PPKM Mikro di Luar Jawa-Bali Diperpanjang, Pemerintah Perketat 43 Kabupaten/Kota

  • Bagikan

Wakil Menteri Kesehatan Dante Saksono Harbuwono menyampaikan, daerah dengan level asesmen tinggi yakni level 4 dapat diartikan memiliki kasus konfirmasi tinggi, untuk menurunkan diperlukan peningkatan testing; jumlah rawat inap di RS tinggi, dapat dikurangi dengan meningkatkan tempat Isolasi di RS; jumlah kematian tinggi, dapat diturunkan dengan peningkatan treatment (penyediaan oksigen, obat-obatan, dan lain-lain).

“Yang menjadi prioritas juga adalah percepatan vaksinasi, yang saat ini untuk di luar Jawa-Bali persentasenya masih rendah di sekitar 8-59 persen, dengan Kepri yang mencapai 59 persen sudah divaksin dari total penduduk yang bisa divaksinasi. Ini akan terus ditingkatkan, untuk mencakup daerah lain yang masih rendah, sehingga setelah Agustus nanti bisa tercapai target vaksinasi sebanyak 2-2,5 juta suntikan per hari,” ujar Dante.

Pada kesempatan yang sama, Wakil Menteri Keuangan Suahasil Nazara menyampaikan mengenai percepatan realisasi anggaran oleh pemda, didorong untuk mempercepat realisasi earmarked 8 persen Dana Alokasi Umum (DAU)/Dana Bagi Hasil (DBH) untuk penanganan COVID-19. Kemudian, penyaluran Dana Desa dan Bantuan Langsung Tunai (BLT) Desa agar dipercepat dengan menggunakan KPM Tahun 2020, dengan lebih memfokuskan kepada penduduk miskin yang terdampak pandemi dan belum menerima bantuan.

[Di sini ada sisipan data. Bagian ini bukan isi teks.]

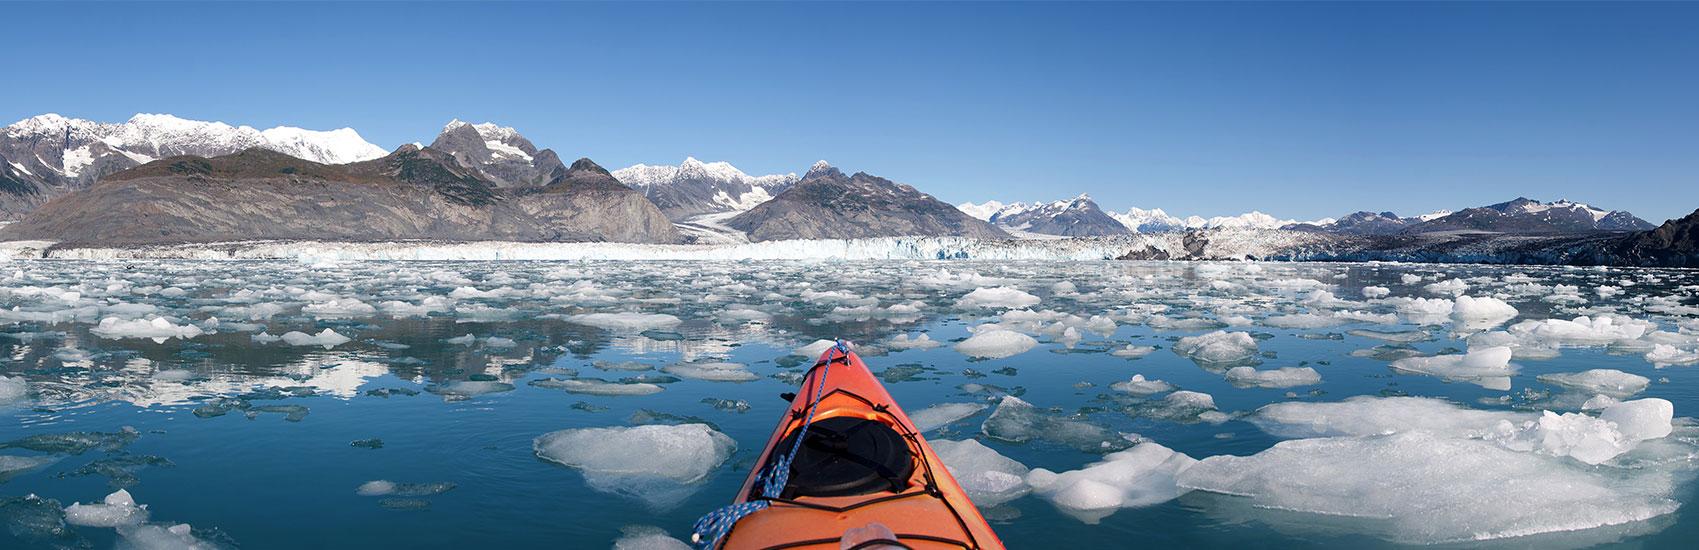 Explore Alaska with Holland America Cruise Line 2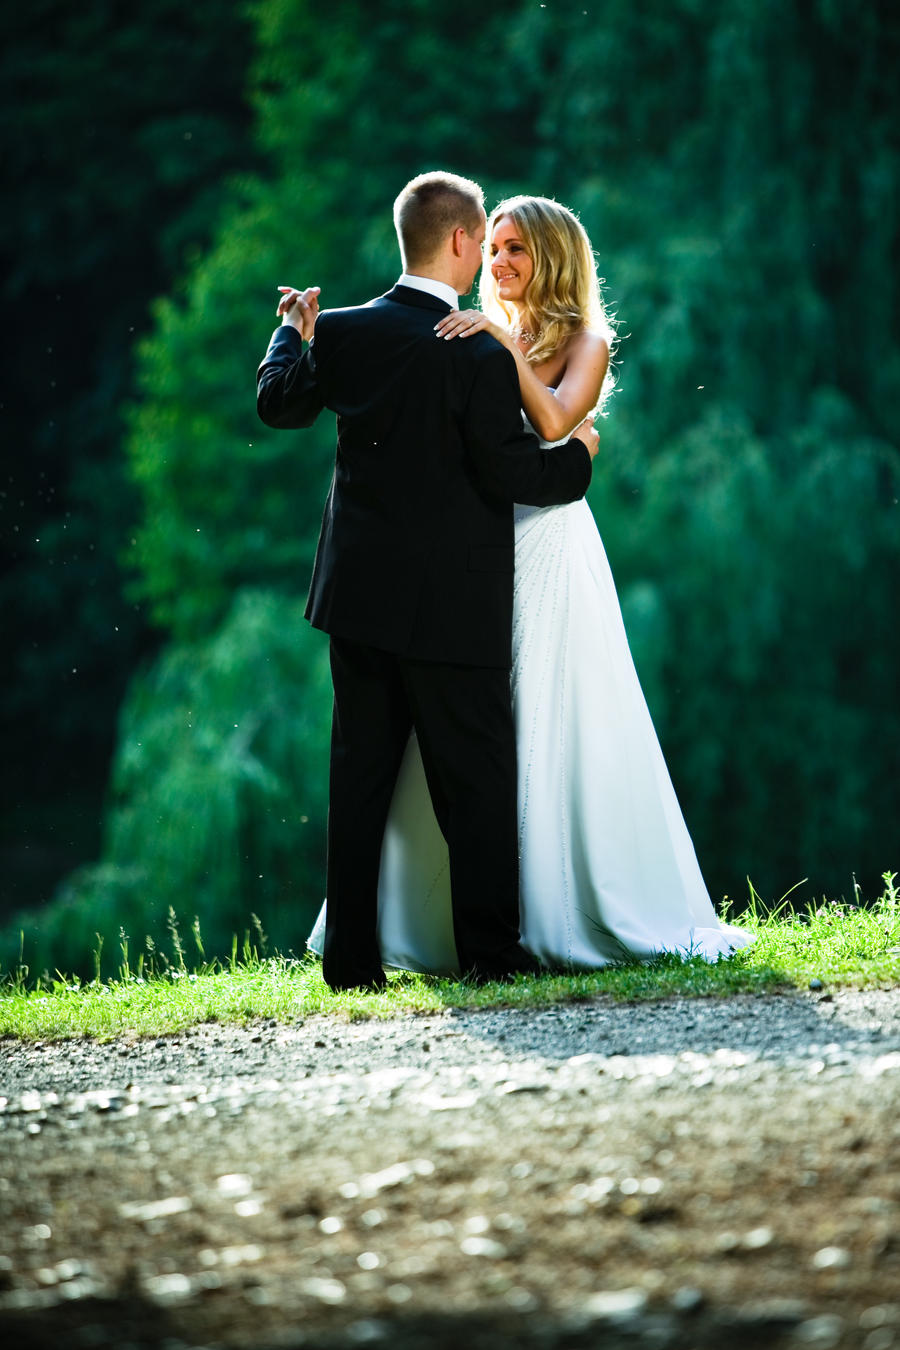 wedding 12 by kechake stock on deviantart On free wedding stock photos

“Memang yang terpenting dalam situasi sekarang adalah earmarked DAU/DBH dengan total 8 persen atau Rp35,1 triliun se-Indonesia, dan ini baru terserap 10,53 persen. Ini terbagi untuk penanganan COVID-19, dukungan vaksinasi, dukungan kelurahan, insentif tenaga kesehatan, serta belanja kesehatan lainnya dan kegiatan prioritas yang ditetapkan pemerintah pusat,” tutur Suahasil.